§ EXERCISE INPUTS:

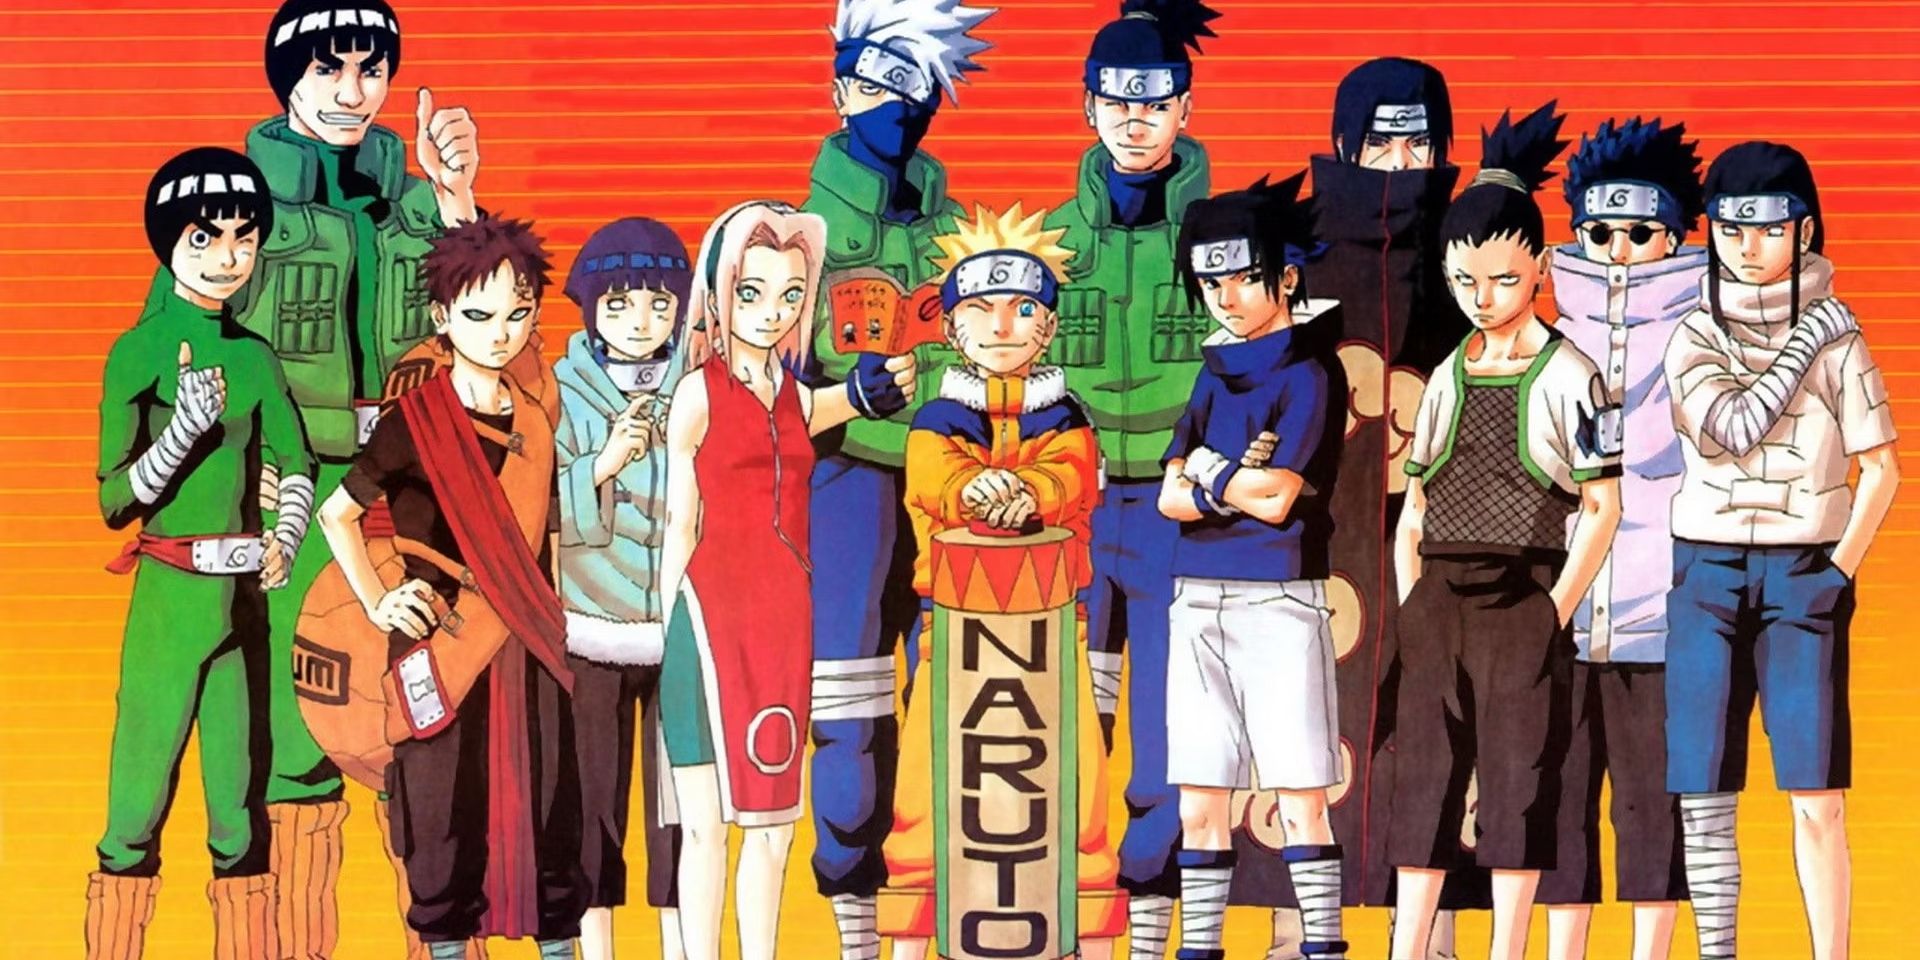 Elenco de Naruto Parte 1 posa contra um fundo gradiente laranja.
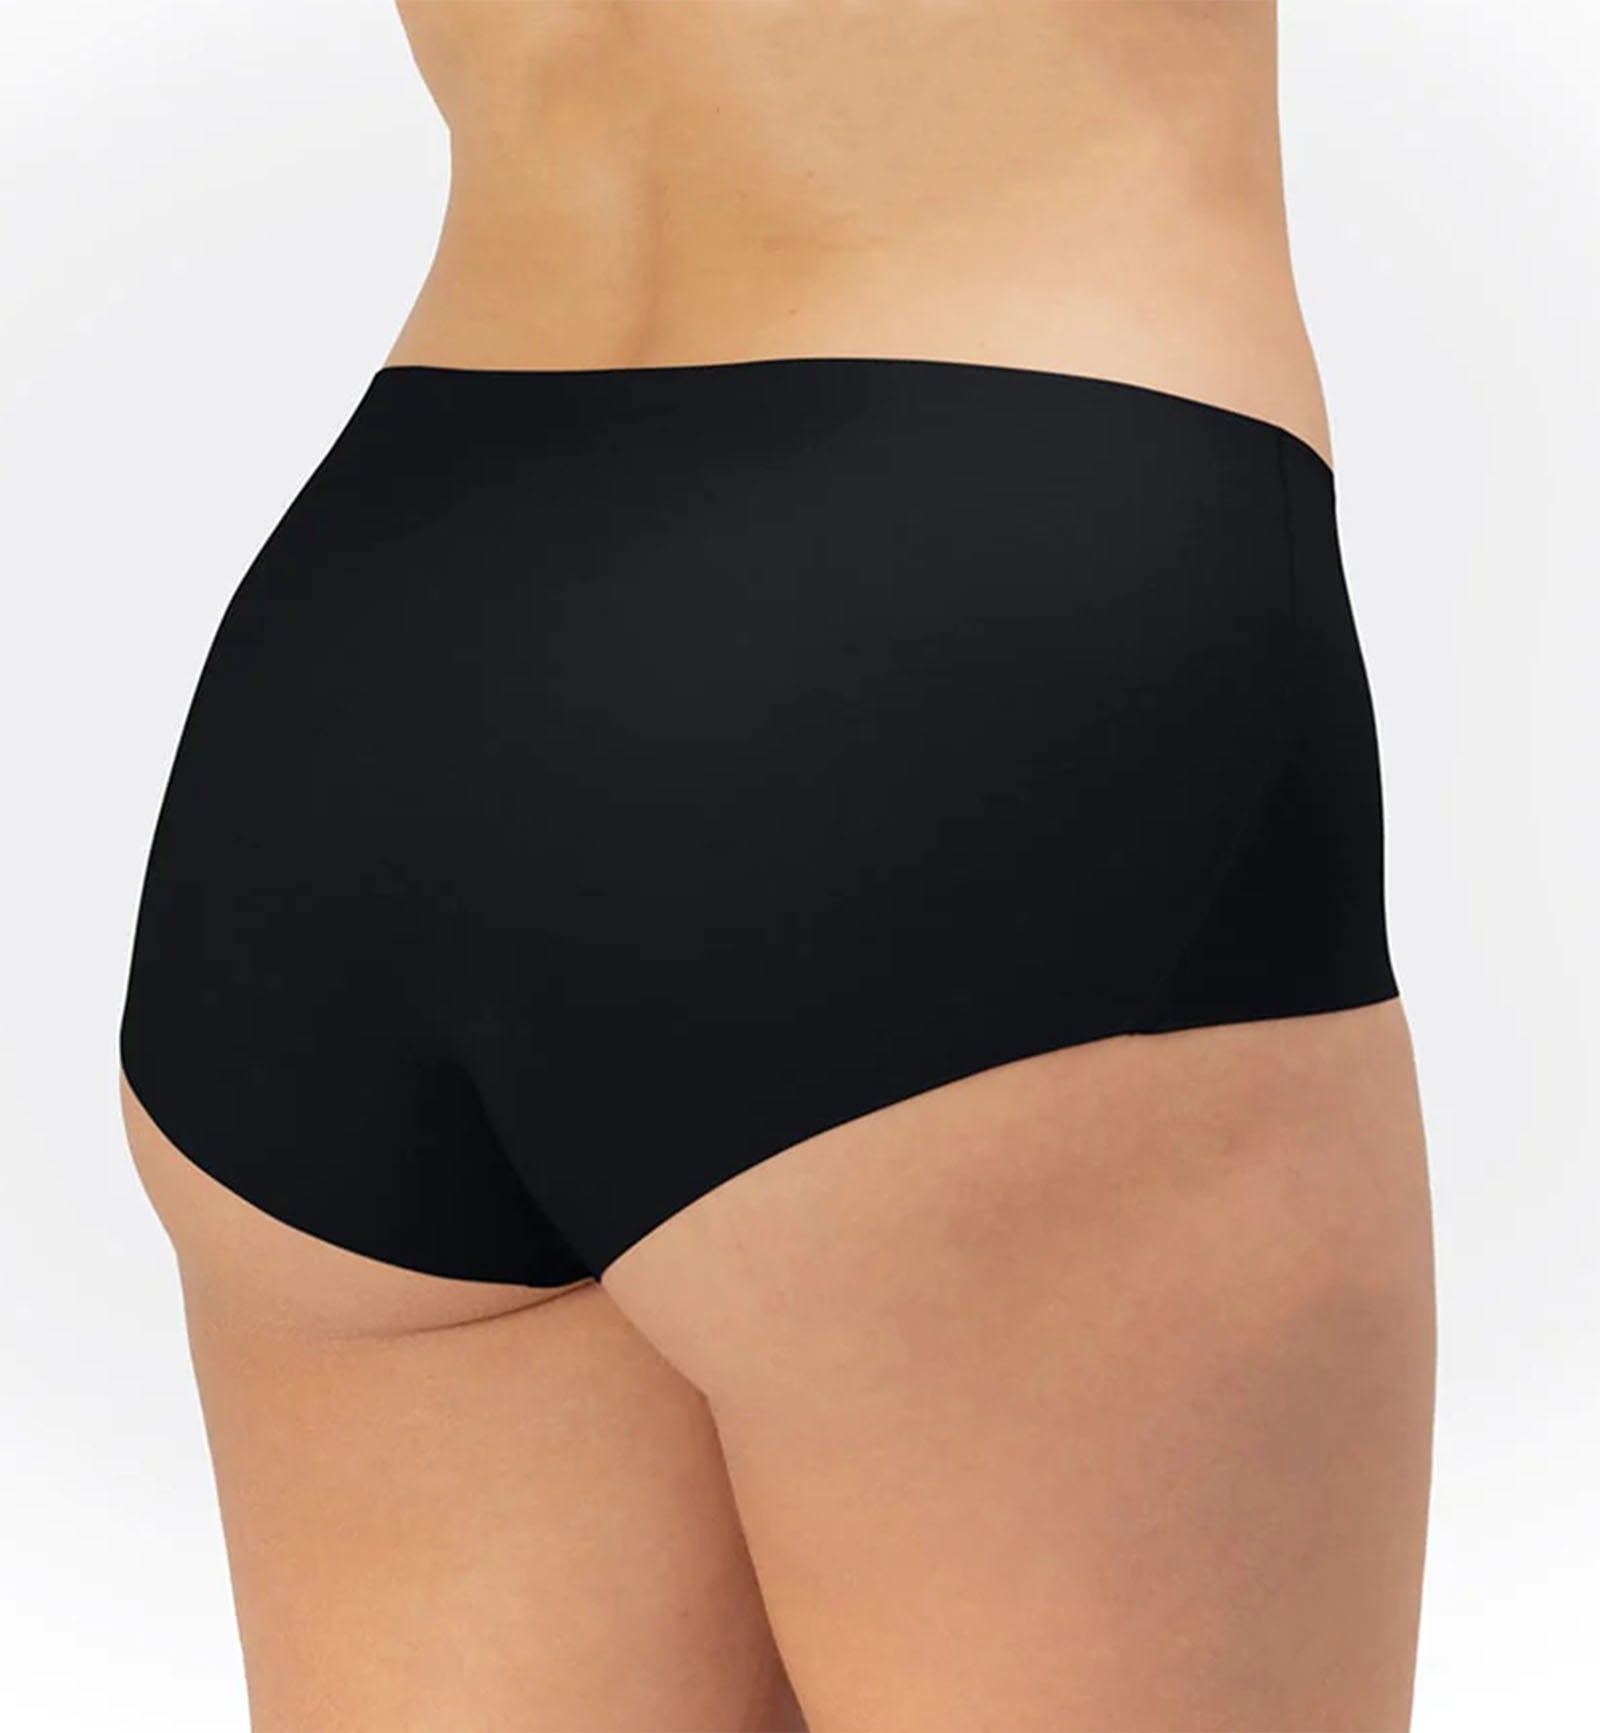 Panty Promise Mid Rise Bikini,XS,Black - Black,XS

---

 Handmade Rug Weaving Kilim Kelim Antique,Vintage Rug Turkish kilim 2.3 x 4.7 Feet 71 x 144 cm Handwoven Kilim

§ ASSIGNMENT:
Set down word for word the lines above from the one with "Elenco de Naruto" up to and including the one with "Panty Promise Mid". Omit every picture.

§ EXPECTED OUTPUT:
 Elenco de Naruto Parte 1 posa contra um fundo gradiente laranja.
 Panty Promise Mid Rise Bikini,XS,Black - Black,XS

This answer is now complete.